David Garrett Byars is a former financial analyst who left his job in 2008 to pursue his, then nebulous, dreams. He is now a filmmaker living in Telluride, Colorado. Byars’ focuses on feature-length documentaries, but he also creates branded pieces as a freelance filmmaker. As part of Reel Thing Productions, he released the feature-length documentary Uranium Drive-In (Mountainfilm 2013). In 2013, he wrote and directed his first narrative short, Self Storage, which is a quirky dark comedy that follows a worker at a self-storage facility as he struggles to pay off the medical debt stemming from his unlucky brew of common cleaning agents. The result is a delicious brew of its own, filled with black humor, endearing characters, and smart storytelling. Byars coins it as “a story of conscience, existential dread and redemption.” Byars is the director of No Man's Land (Mountainfilm 2017), the incredibly candid film that follows the once-occupiers of the Malheur National Wildlife Refuge. 

Favorite childhood movie?

 Karate Kid 2
 

 
Ghosts or aliens? 

Aliens, always aliens. 

 
Objectivity? Is it a thing?

No such thing. In practice or in concept. Impossible to separate our minds from the sum of our experiences.
 
 
Financial analyst to filmmaker? connection?

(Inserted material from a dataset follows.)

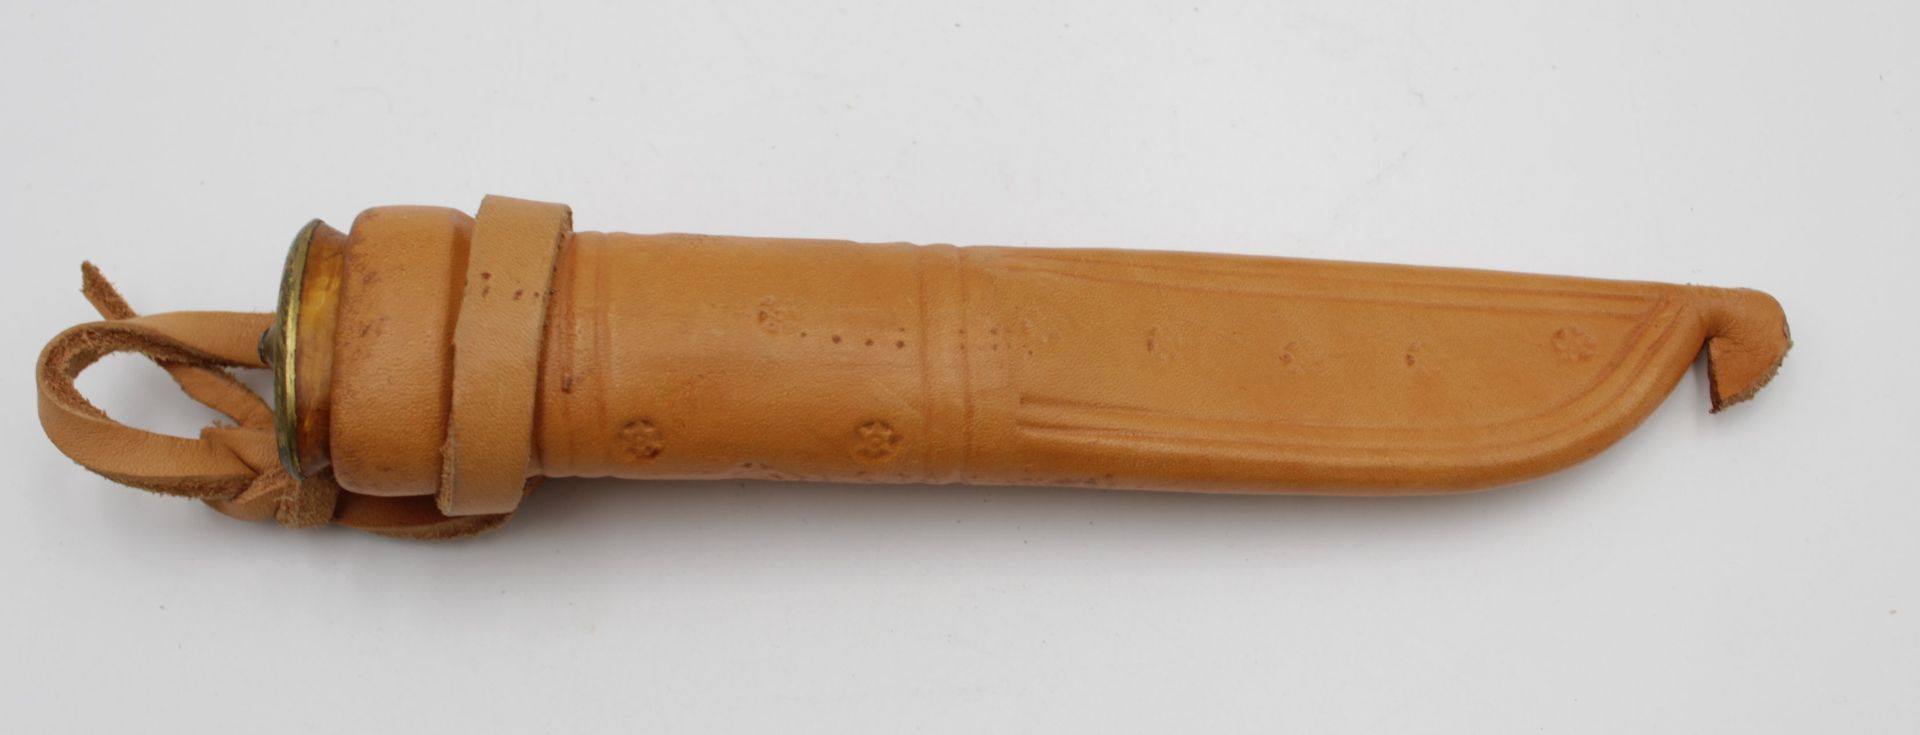 Finndolch mit Lederscheide, Holzgriff, L-21,8cm.

Glutton for punishment, high tolerance for rejection, and boyish good looks. And attention to detail. More generally, in finance and in film, you're really just trying to sell a good story.
 
 
Favorite director(s)?

Werner Herzog, Wes Anderson, Suzan Beraza.
 
 
Best advice you've received? Given?

Received: Understand people's problems rather than scrutinize their solutions.
Given: Always be yourself, unless you can be Batman. 
 


Who would play you in a film?

Fat David Spade or the lovechild of Zach Galifianakis and Matt McConaughey. Or Uncle Traveling Matt from Fraggle Rock. Shit, tough question.
 
 
What's so great about Telluride?

The self-celebratory atmosphere. ;) In all seriousness - the potential for active collaboration. Everyone in the arts in Telluride is so down to put in a tremendous amount of time and work into a collaborative effort. And it's world-class high-quality work.
 
 
What's next?

More movies! So many movies. A few feature docs in the works and a whole slew of ill-advised and costly fiction endeavors.